The major form of thyroid hormone in the circulation is L-thyroxine (T4), a tetraiodinated form that is derived from iodinated tyrosyl residues in thyroglobulin protein in the thyroid gland. L-triiodothyronine (T3) is the biologically active form of the hormone that binds to the THR with high affinity. Abnormalities of the thyroid gland have long been associated with hearing loss in human disease. For example, deafness is well-known in geographical regions in which endemic goiter exists. This developmental disorder of neurological and physical retardation results from a chronic deficiency of dietary iodine, an essential element required for the synthesis of thyroid hormone. Mutations in the thyroid hormone receptor β (THRβ) gene in the syndrome of resistance to thyroid hormone have also been associated with hearing loss.

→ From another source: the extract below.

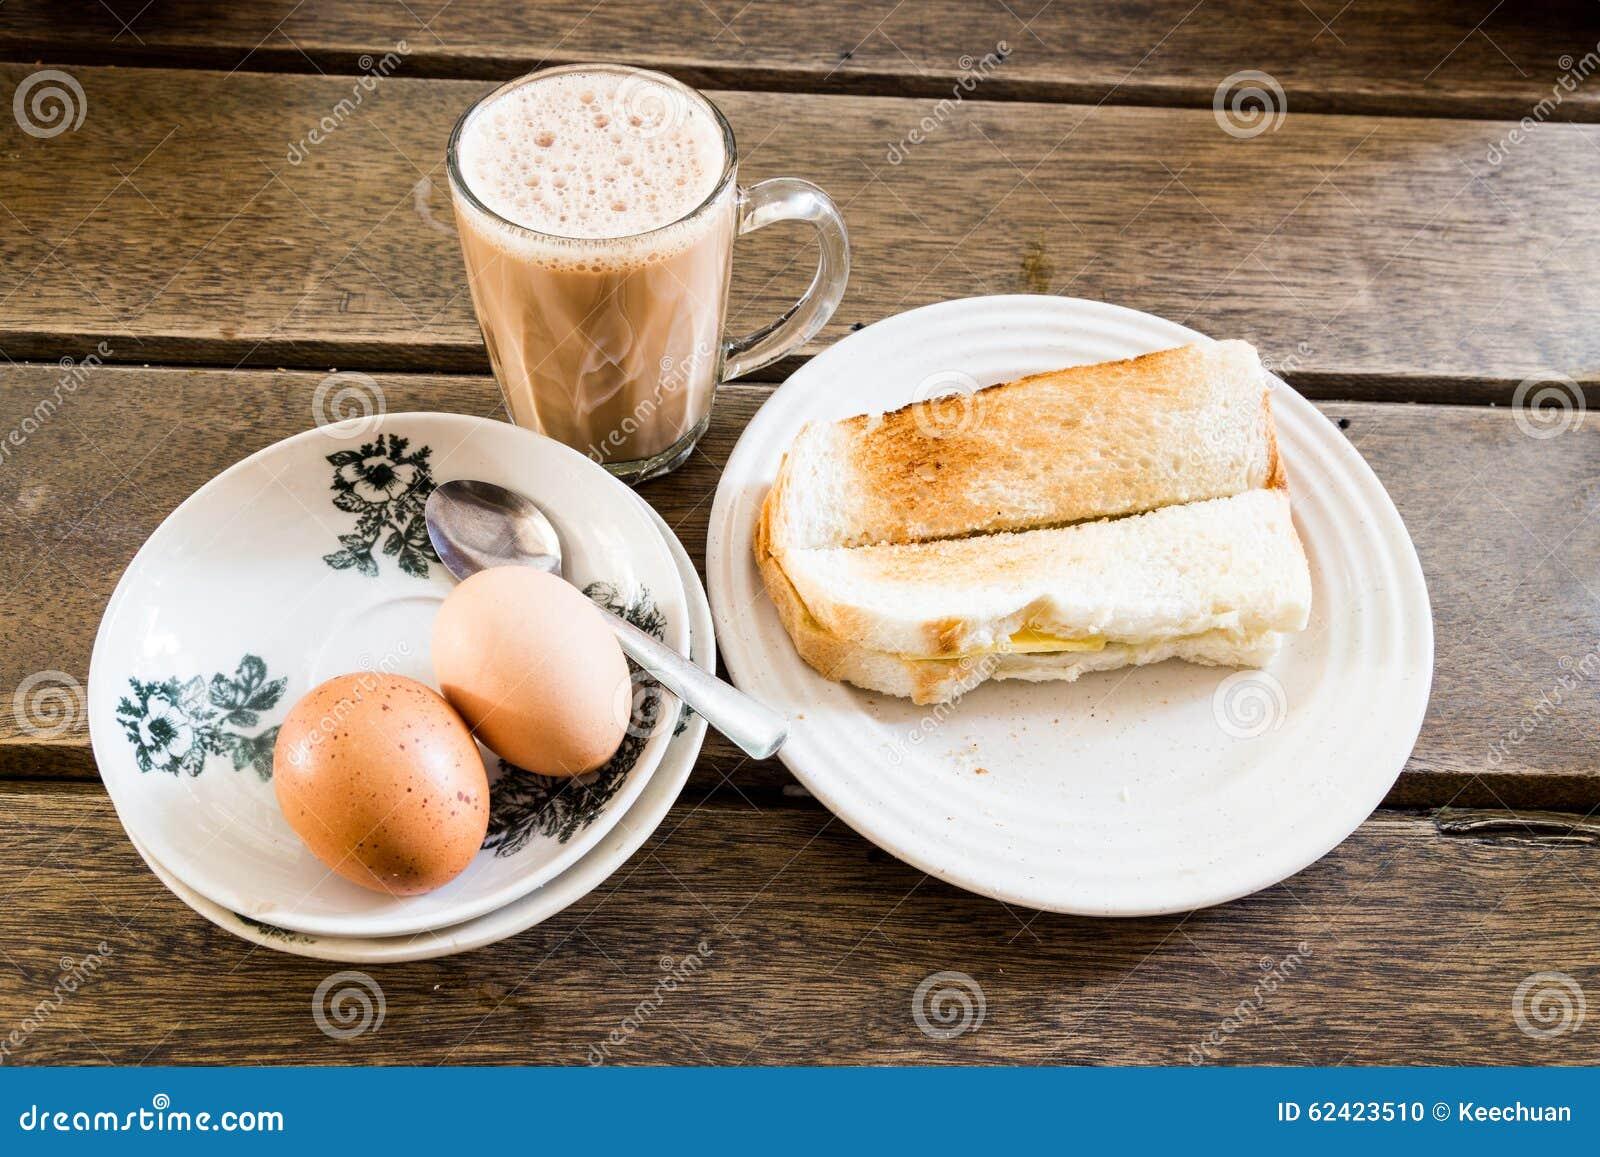 普遍的马来西亚早餐塔利克、多士面包和半煮沸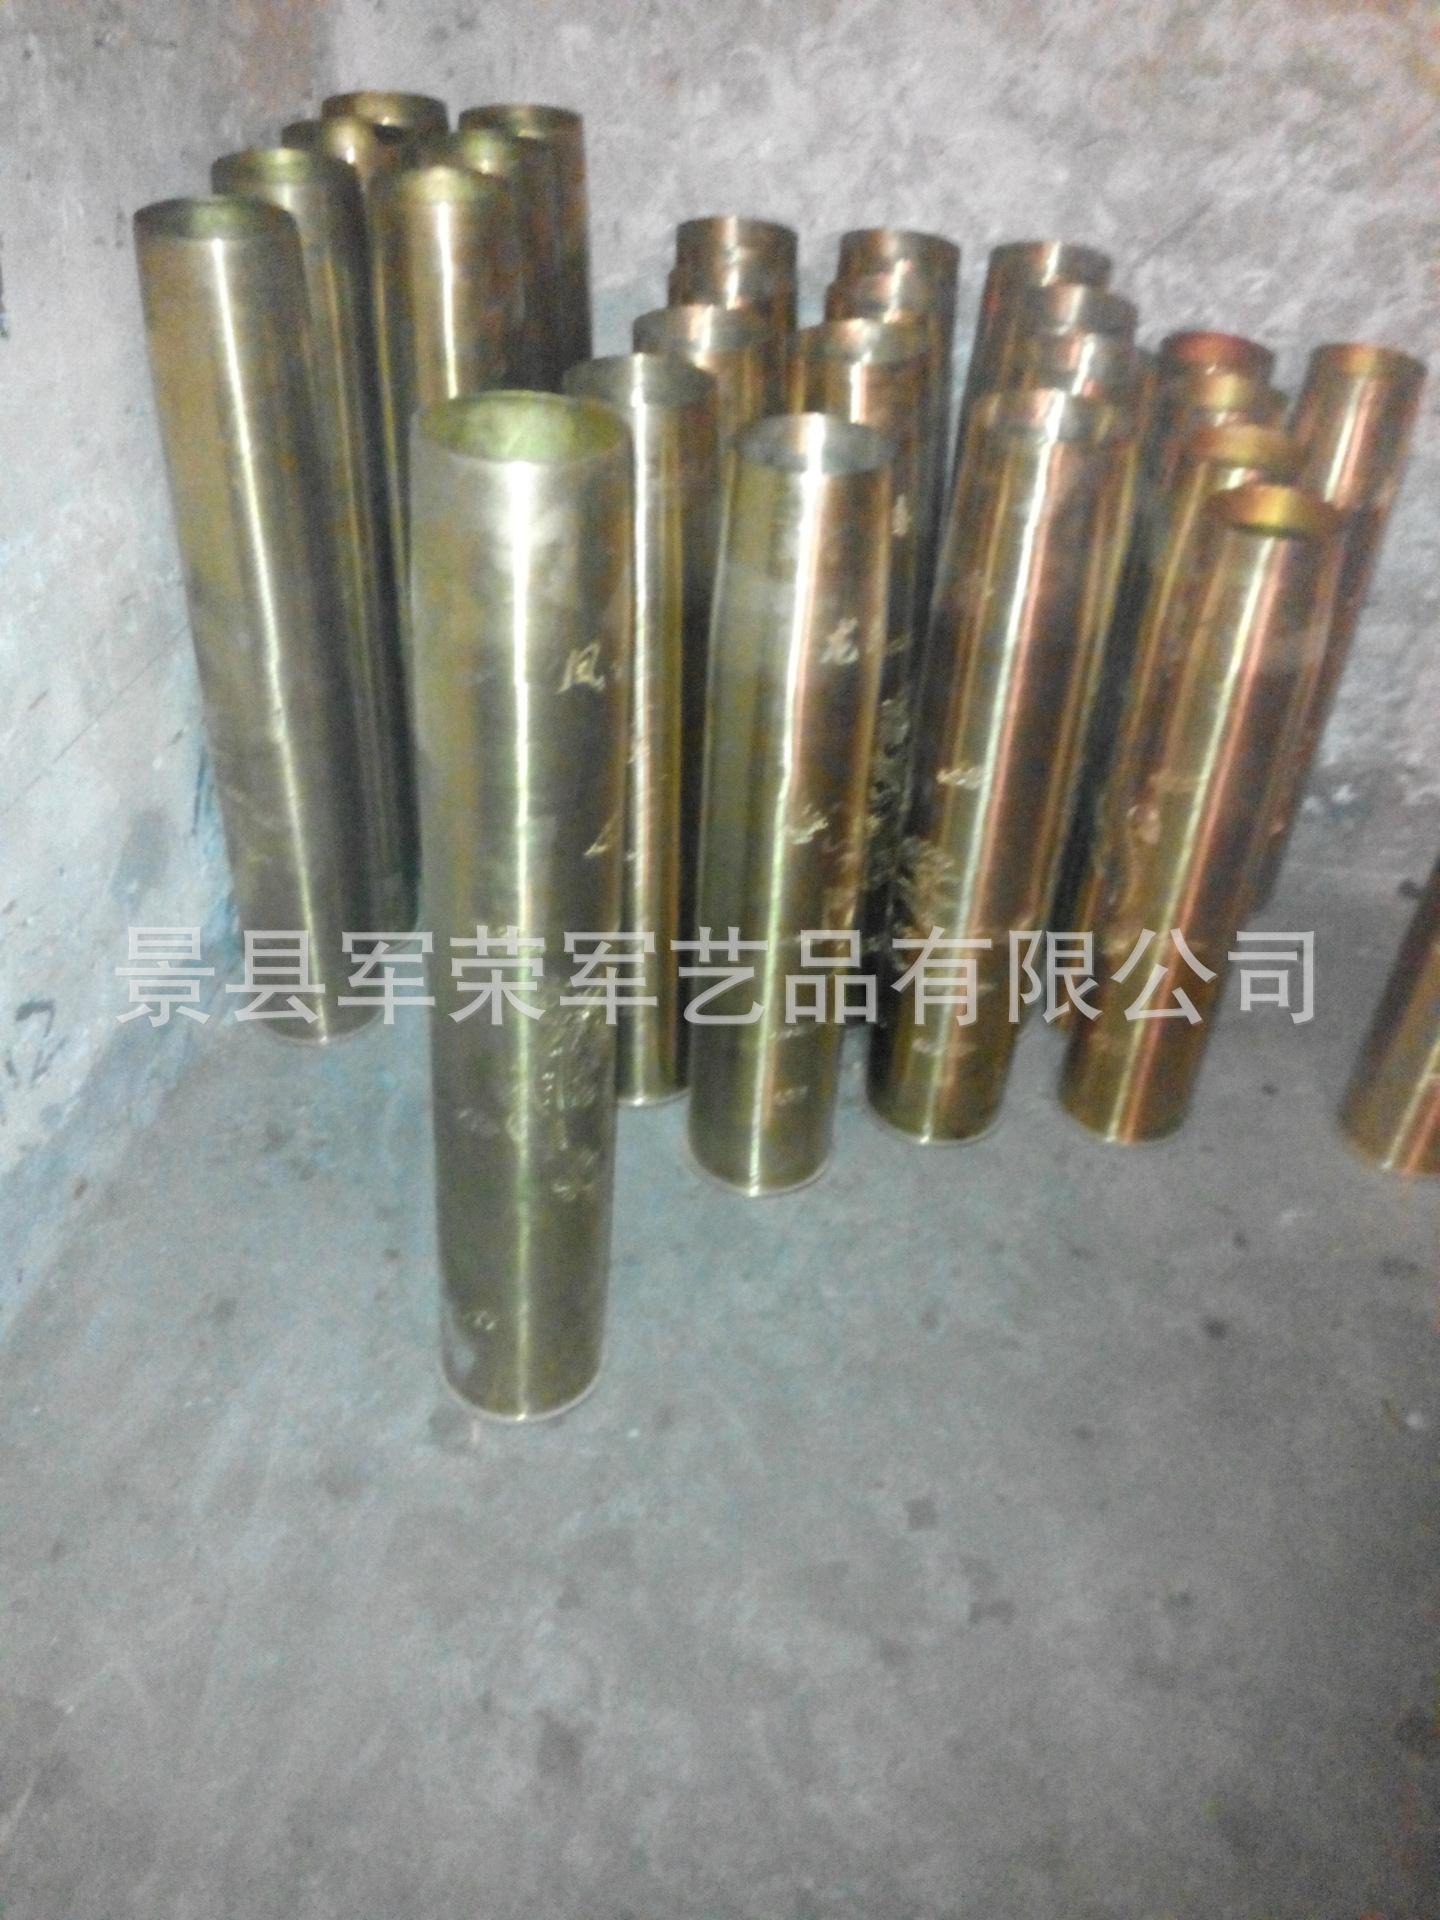 厂家批发金属工艺品海130铜抛光喷漆刻龙、凤壳全套

The main isoforms of THRs, THRα1, THRβ1, and THRβ2, are predominantly responsible for mediating thyroid hormone action, which is critical for normal development, growth, and metabolism. The THR has the typical structure of a nuclear receptor with a central DNA binding domain and a C-terminal ligand (T3) binding domain. The THR binds to promoter or enhancer regions of target genes, usually as a homodimer or heterodimer with retinoid X receptor (RXR). The binding sites usually contain a consensus AGGTCA motif, often as a direct repeat with a four-base spacing.
Fig.1 Model of gene regulation by thyroid hormones.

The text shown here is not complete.